INTERIOR: The interior is simple with a plain nave roof in a pointed tunnel vault. There is a simple wagon roof in the chancel and timber pent roof in the aisles. The nave has an arcade of alternate drum columns and octagonal piers with rather stiff foliate capitals. The aisles are wainscoted in tongue and groove timber panelling. The majority of the pews survive in situ, except at the rear where they have been removed to form a modern meeting space. The nave and aisles are paved in red and black quarry tiles set on the diagonal. The sanctuary beyond the alter rails has a fine polychrome encaustic pavement. The original pitch pine and wrought iron choir stalls, alter rails, pulpit and altar survive in situ. The east window was designed by Charles Eomer Kemp in 1895. The font is carved octagonal pale stone with niches alternating saints and scripts with black marble shafts between. The organ which occupies the end of the north transept is by Nicholsons of Malvern Link in 1884 and has 1486 painted pipes. The Lady Chapel is at the end of the south transept and has a window by Clayton and Bell in 1886. The 1914-18 war memorial in white marble with an alabaster surround is by the Bromsgrove Guild in 1921. The interior presents a simple but competent scheme with the effect of the excellent window tracery enhancing the overall character of the church.

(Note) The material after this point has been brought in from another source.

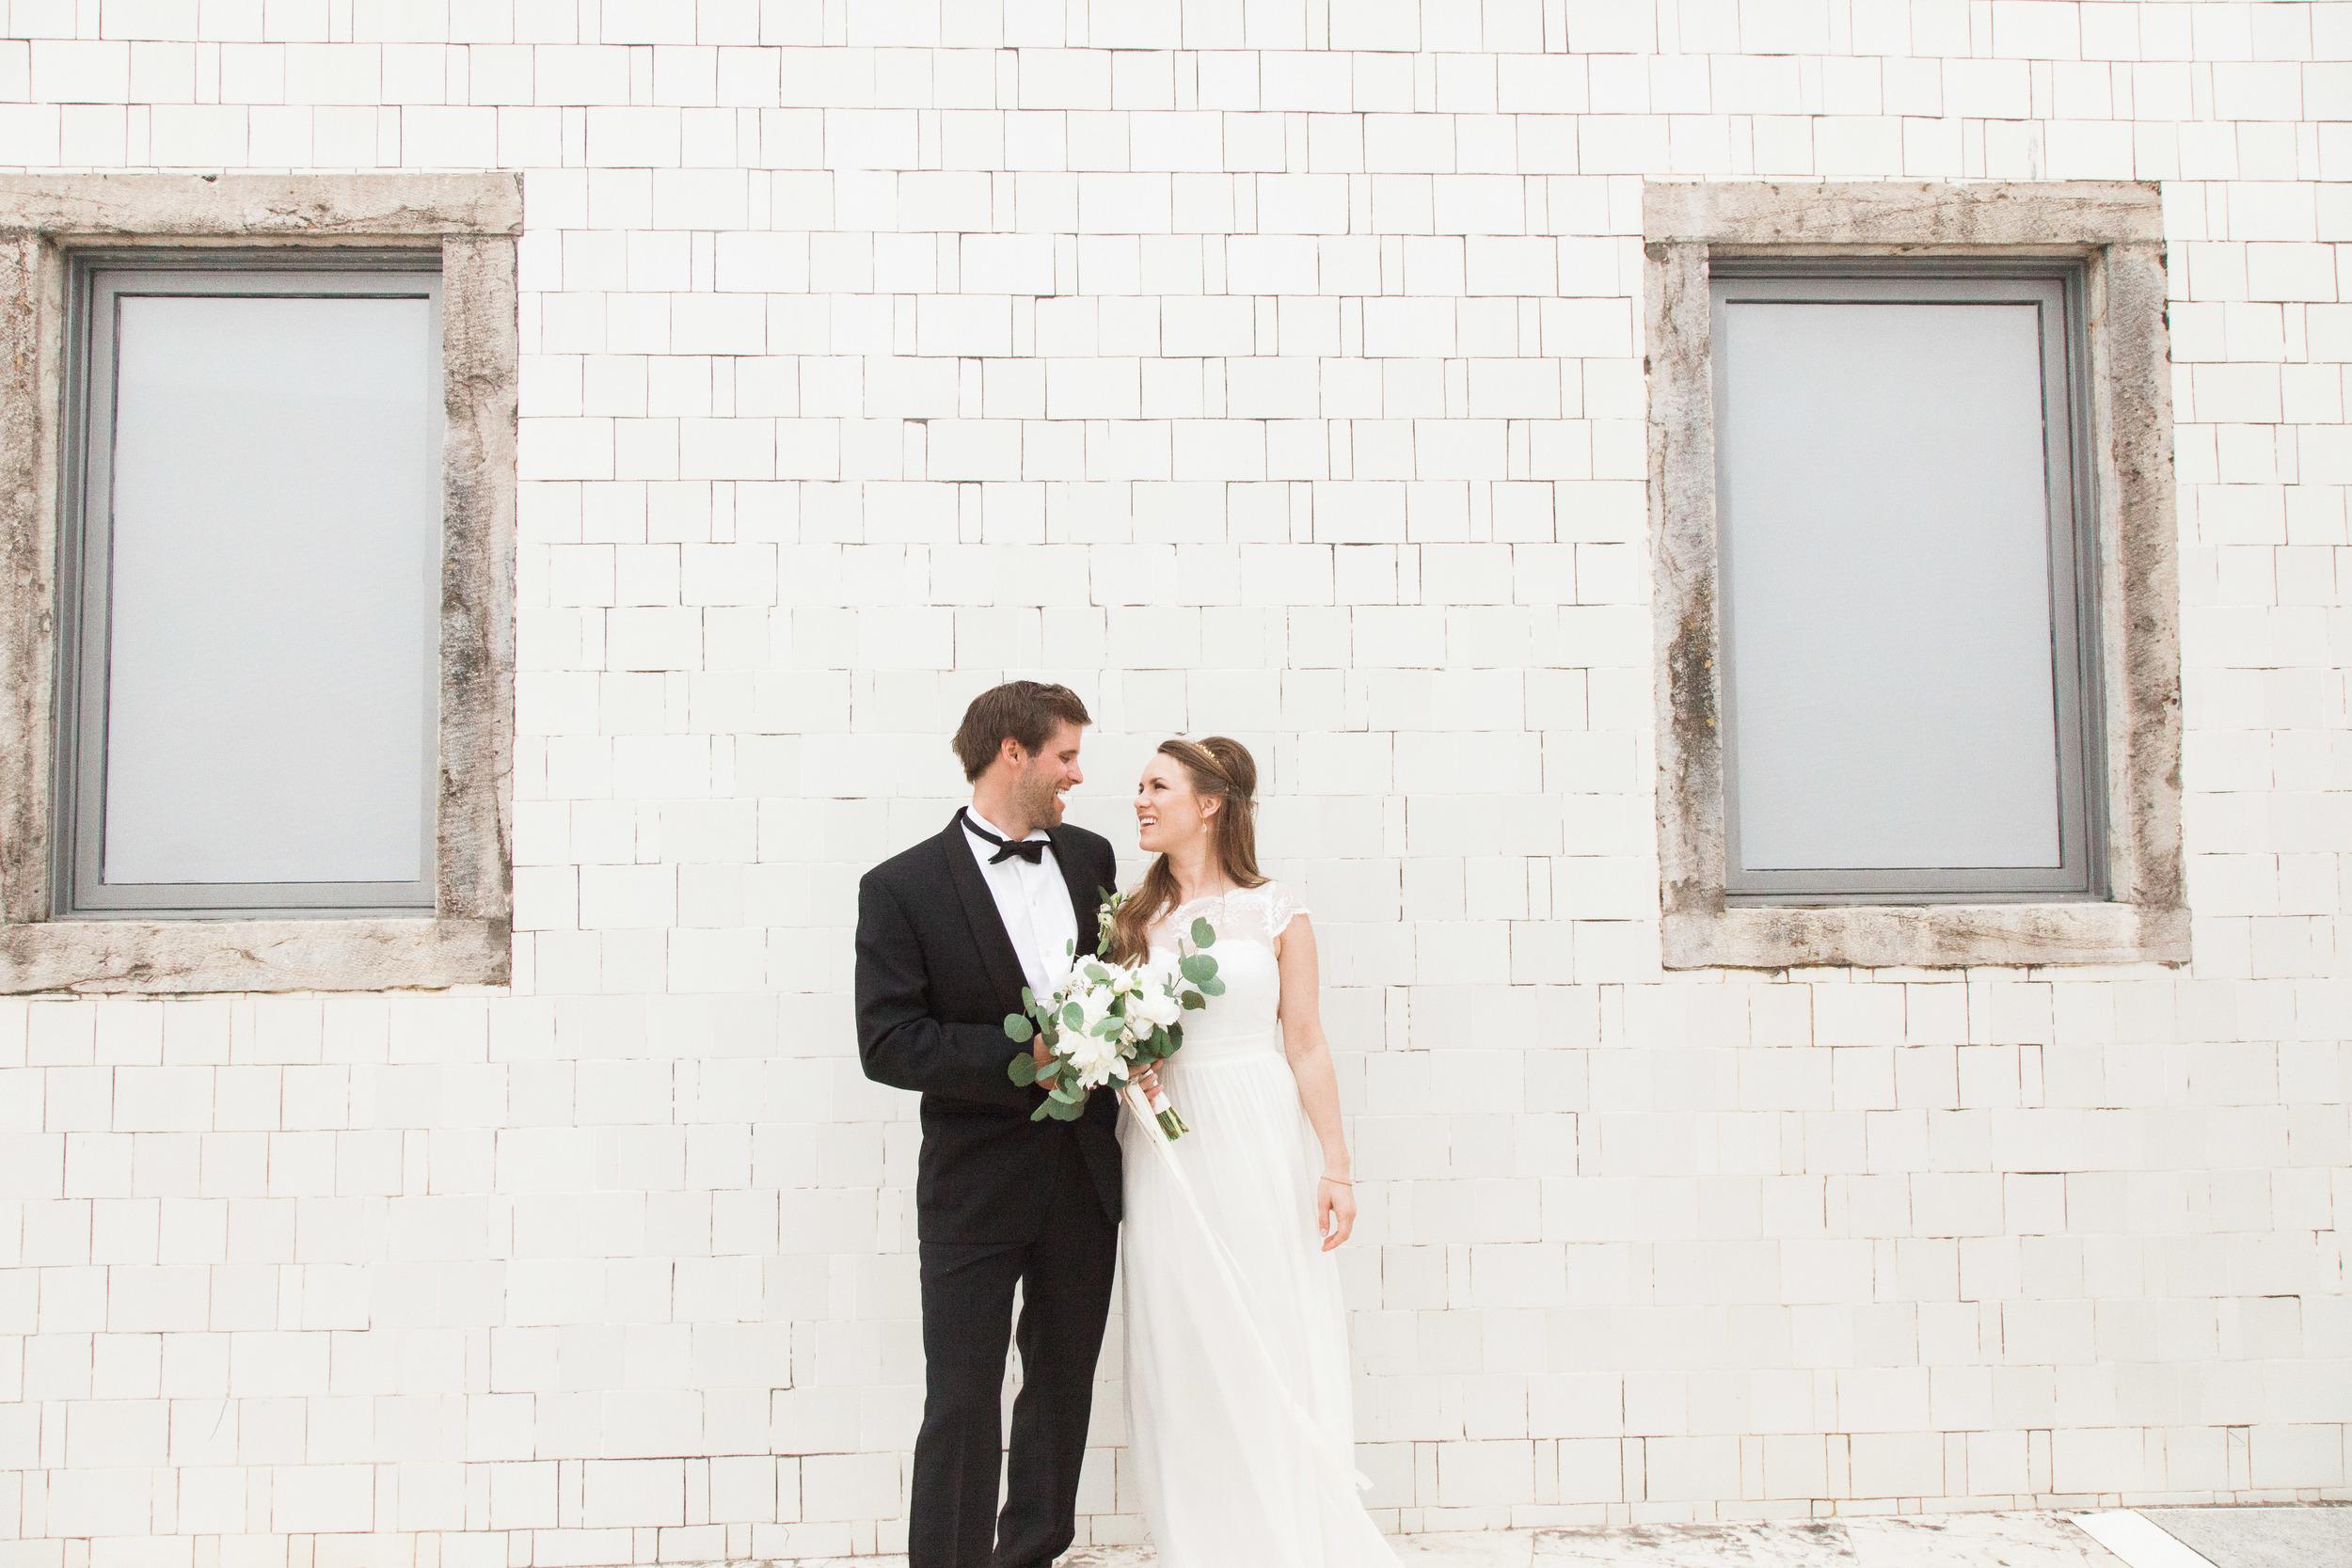 mariarao+wedding+portugal+cascais-398.jpg
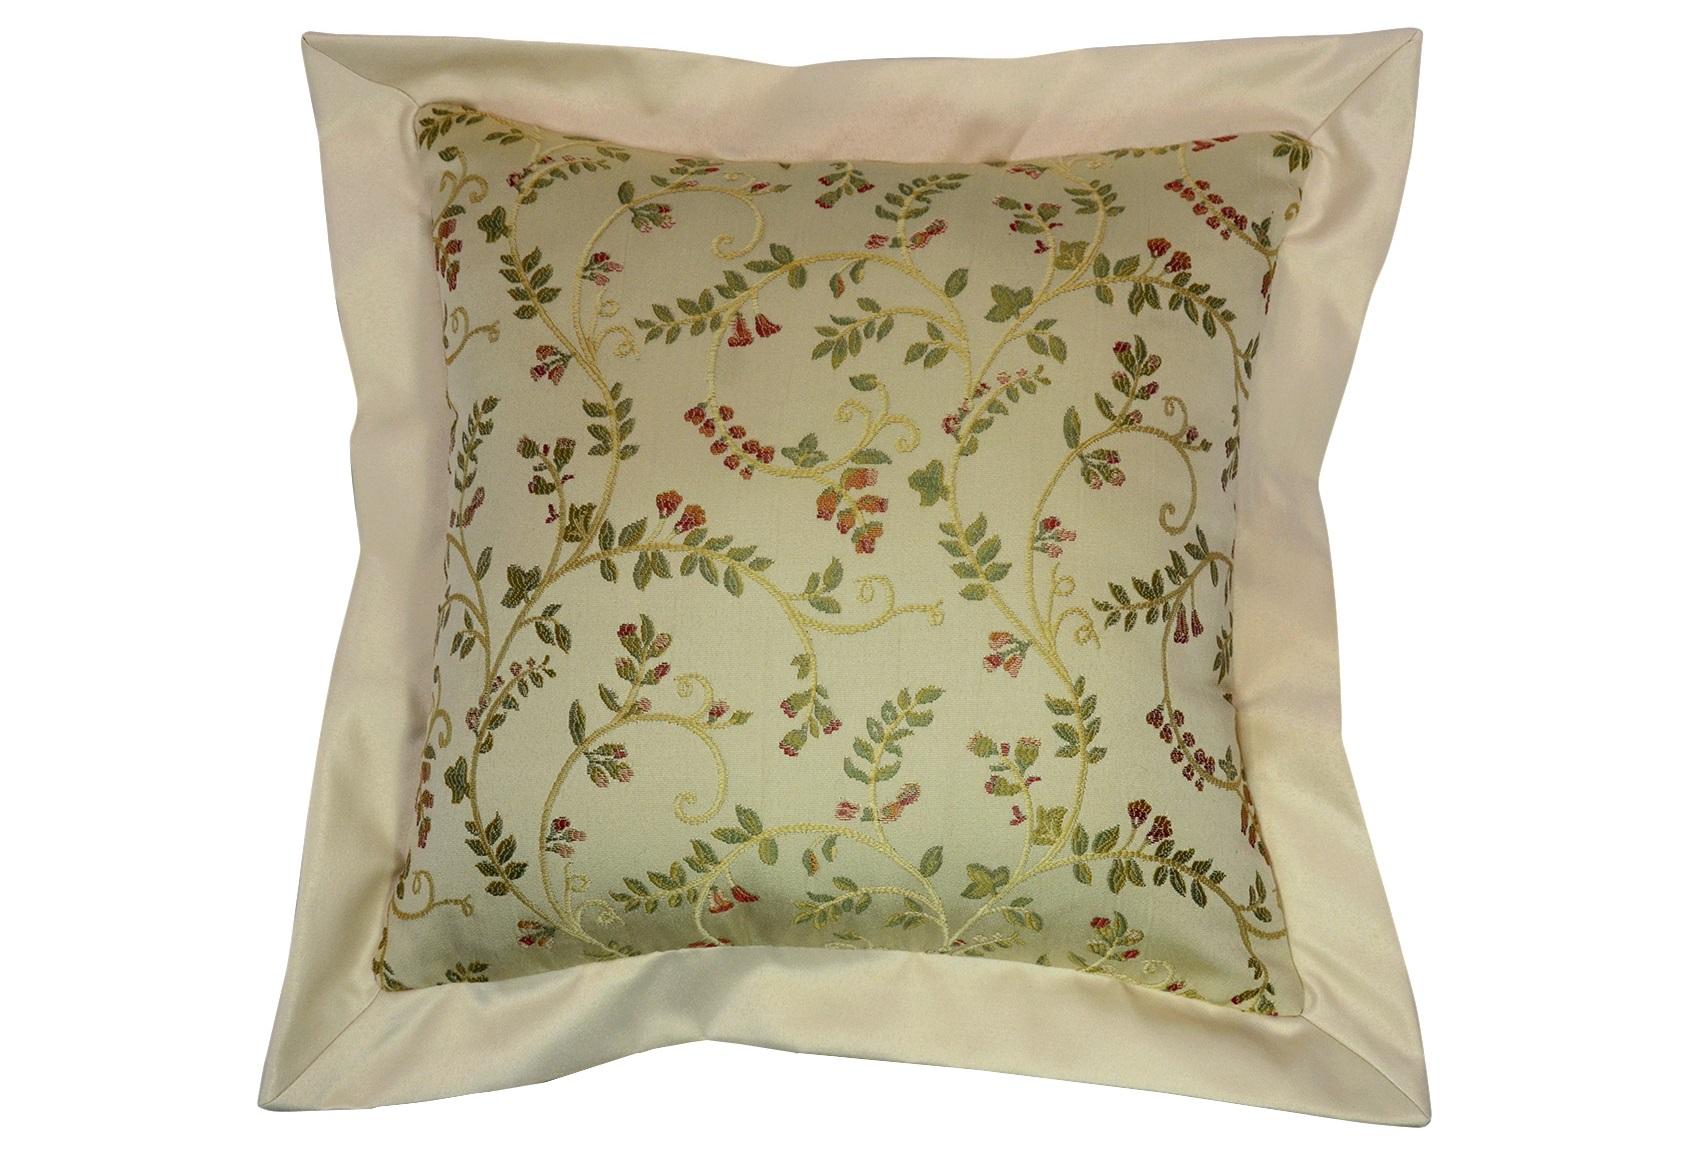 Подушка Arabelle VanillaКвадратные подушки и наволочки<br>Декоративная  подушка .Чехол съемный.<br><br>Material: Вискоза<br>Ширина см: 50<br>Высота см: 50<br>Глубина см: 15

HISTORY: Built in 1875 in the expanding suburb around the recently opened station, Christ Church, Malvern was founded by the Lady Emily Foley, the Lady of the Manor at a cost of £8,000-£9,000. The architect was a known church architect and established practitioner of the Gothic Style, T. D. Barry and Sons Ltd of Liverpool.
Hersey. G. L. (1972) High Victorian Gothic. (London)
Pevsner, N. (1992) Worcestershire. The Buildings of England. (London)
List Descriptions for St Michael, Garston; St Peters, Bengeworth; Holy Trinity, Tulse Hill; St Paul's, Addlington.